Securities and Exchange Commission
100 F Street, N.E.
Mail Stop 6010
Washington, DC 20549
     
Re:
  Cardica, Inc.
 
  File No. 333-129497
Dear Mr. Aleman:
This letter is submitted on behalf of Cardica, Inc. (the “Company”), in connection with the above-referenced Registration Statement on Form S-1, File No. 333-129497, as amended (the "Registration Statement” or the “Filing”), filed with the Securities and Exchange Commission (the "Commission”), under the Securities Act of 1933, covering the proposed offering of the Company’s Common Stock (the “Offering”), to provide the staff of the Commission (the “Staff”) with certain information with respect to a change in the price range of the Offering from the price range of the Offering reflected in the Registration Statement to be filed February 1, 2006 and the preliminary prospectus dated January 13, 2006 that was distributed in connection with the Offering (the "Distributed Preliminary Prospectus”).
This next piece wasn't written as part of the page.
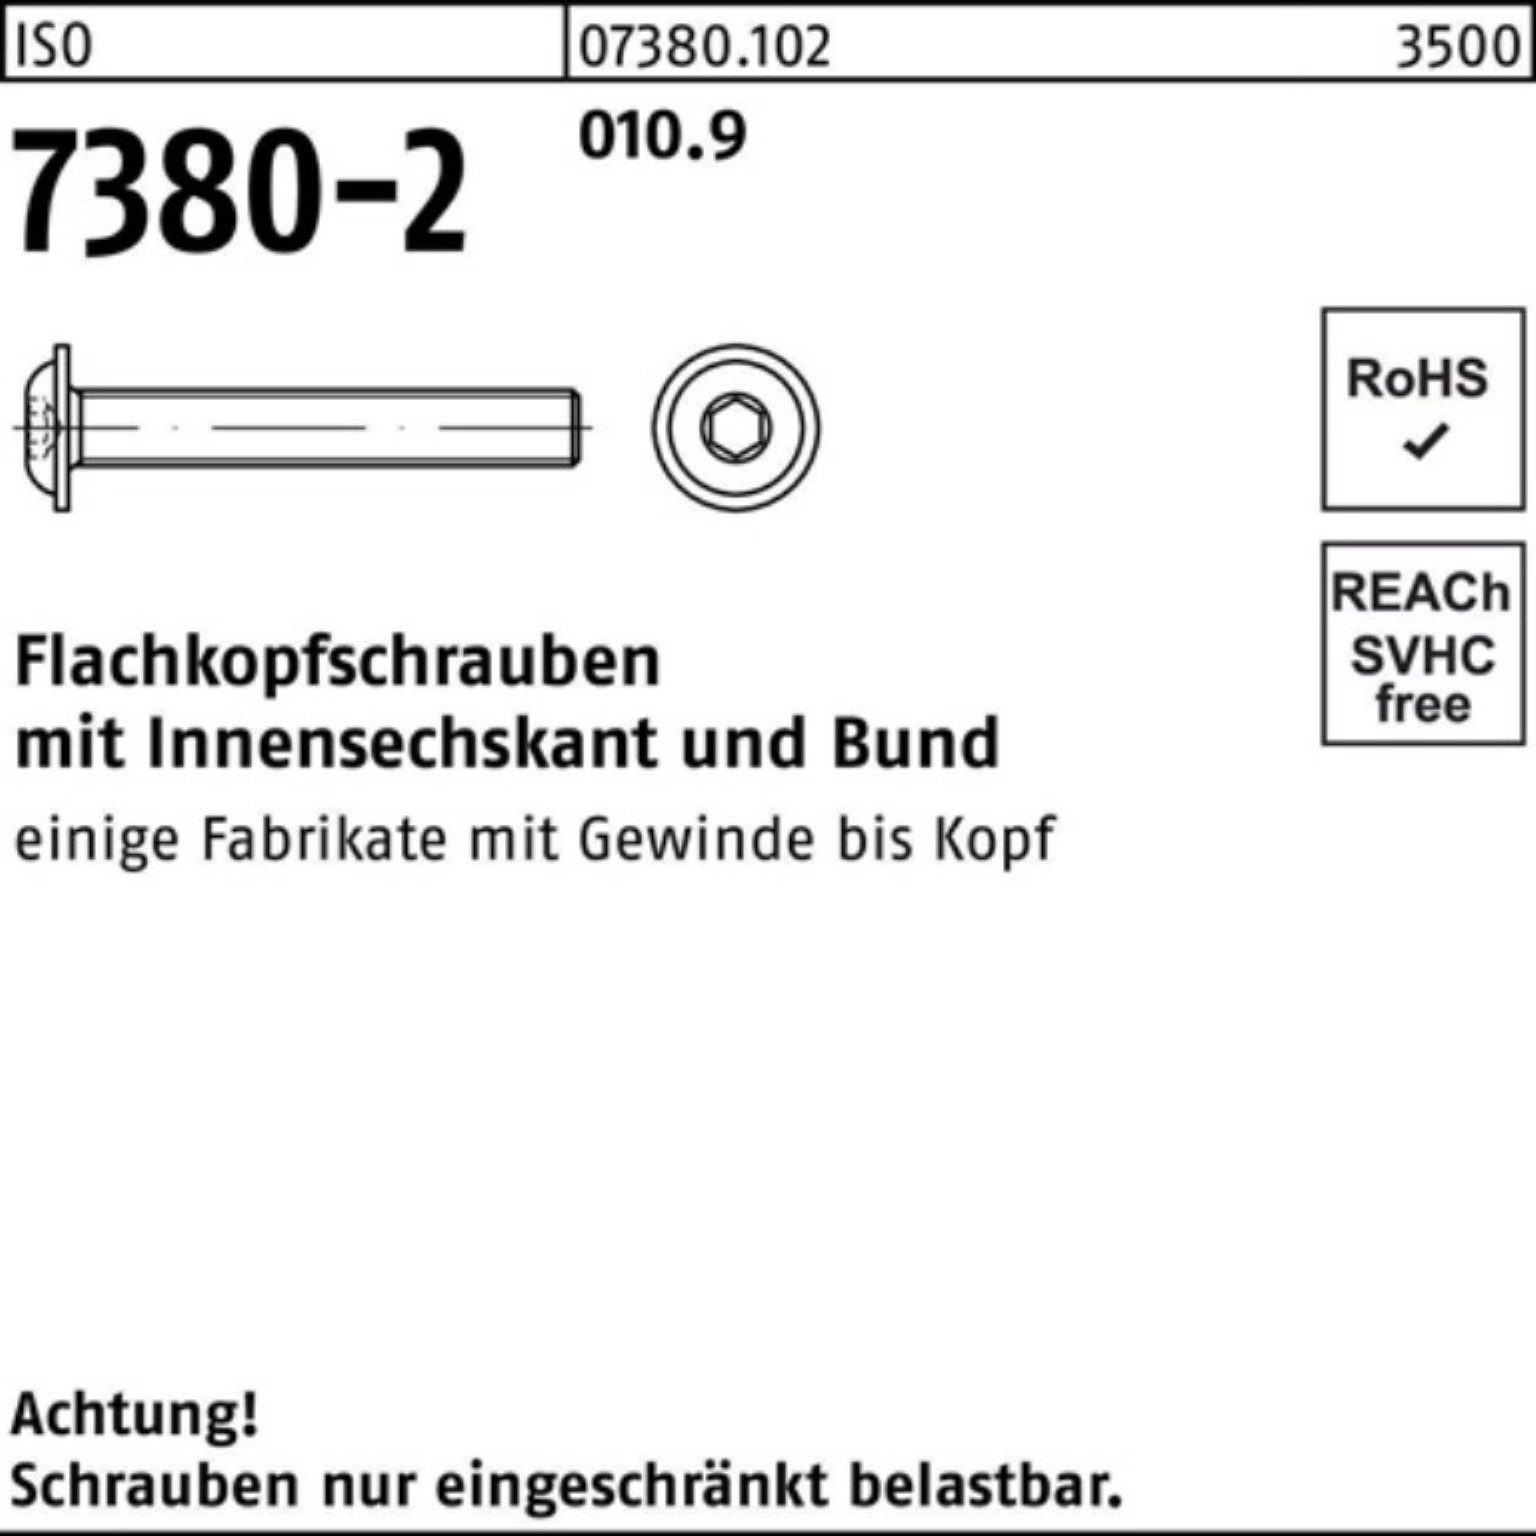 30 Reyher 7380-2 Flachkopfschraube 20 010.9 Pack 200er Bund/Innen-6kt ISO M8x Schraube

The Company intends to file Amendment No. 4 to such Registration Statement (“Amendment No. 4”) to change the price range of the Offering to between $10.00 and $12.00 per share from the $12.00 to $14.00 price range assumed in the Distributed Preliminary Prospectus. The number of shares included in the Offering is expected to remain at 3,500,000 shares (plus 525,000 shares subject to the underwriters’ over-allotment option).
At an assumed Offering price of $11.00 per share, the total net proceeds to the Company would be approximately $34.0 million as compared to the approximately $40.5 million reflected in the Distributed Preliminary Prospectus (in each case assuming that the underwriters’ over-allotment option is not exercised). Even if we assume a price at the low end of the revised range, the total net proceeds to the Company would still be approximately $30.7 million.
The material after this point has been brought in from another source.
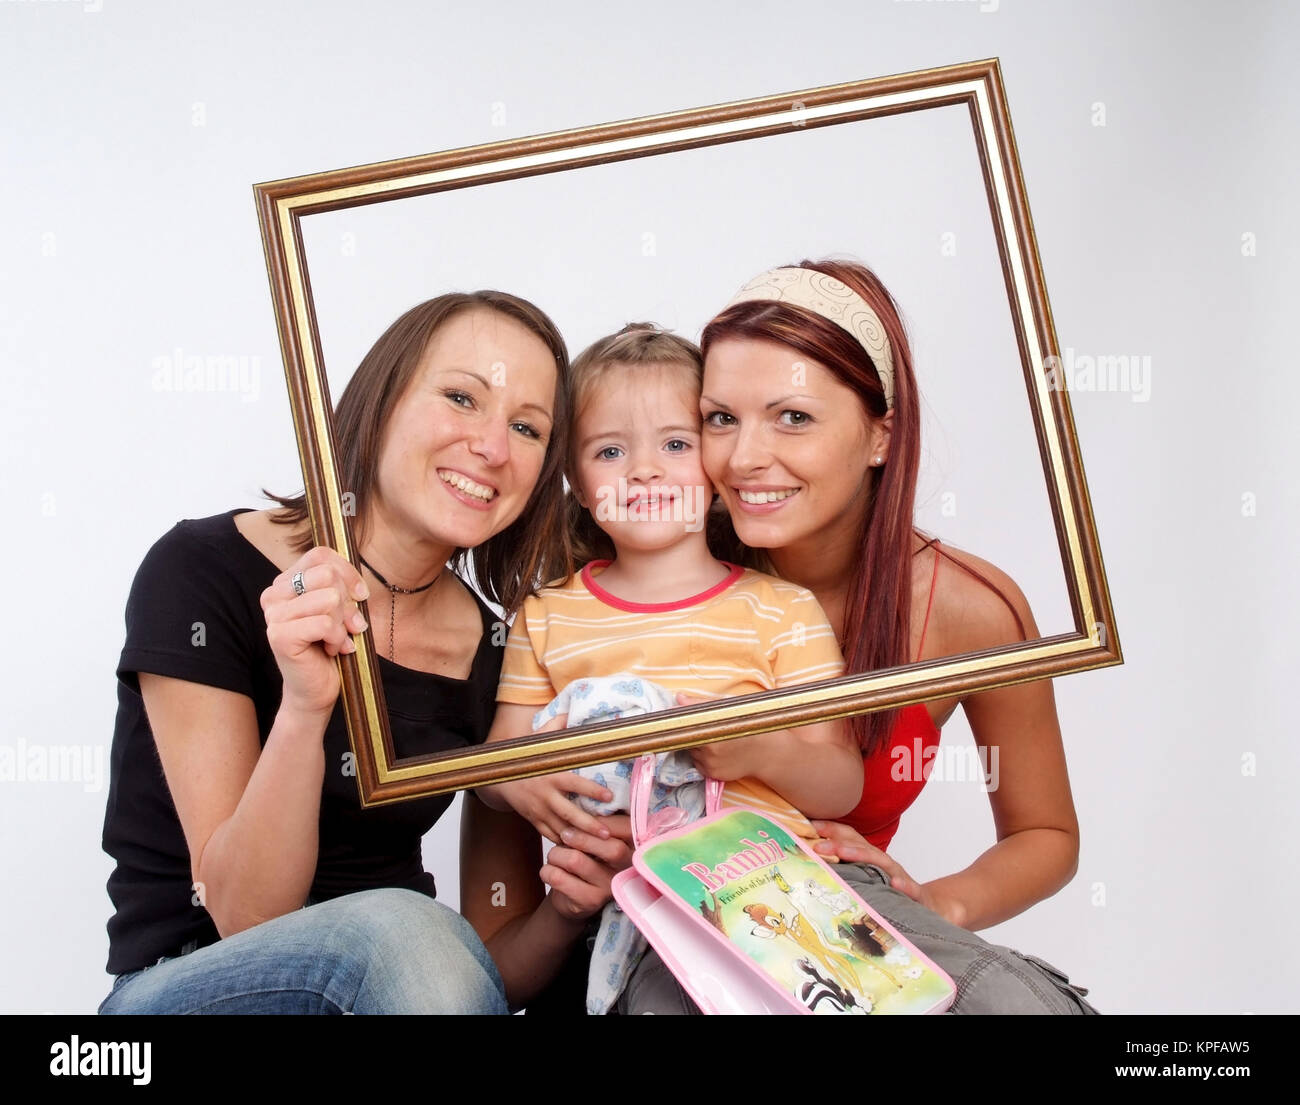 Zwei Frauen mit Kind im Bilderrahmen - women with little girl in a picture frame Stock Photo

The Company respectfully submits that it does not believe that a recirculation of a preliminary prospectus is appropriate or necessary. The Company has discussed the anticipated price decrease with AG Edwards & Sons and concluded that the reduction in net proceeds would not materially change the disclosure contained in the Distributed Preliminary Prospectus. The Company believes that a reduction in the Offering price to $10.00 per share, the low end of the revised range (or even to $9.60), and the resulting decrease in proceeds would not have a material effect on the Company, its use of proceeds as stated in the “Use of Proceeds” section of the Distributed Preliminary Prospectus, in any of the disclosure with respect to the Company’s development strategy or expectations as set forth in the “Business” and other sections of the Distributed Preliminary Prospectus or in any of the risks identified in the “Risk Factors” section of the Distributed Preliminary Prospectus.

 


 

[COOLEY LETTERHEAD]
The Company anticipates that, despite the proposed reduced Offering price range, it will continue to develop its products and to build its sales and marketing capabilities, spending a maximum aggregate of approximately $18.0 million on these activities, as identified in the “Use of Proceeds” section, on the Company’s originally anticipated schedule. The decrease in net proceeds and consequent reduction in working capital generated would not change the Company’s belief as to the sufficiency and duration of its working capital.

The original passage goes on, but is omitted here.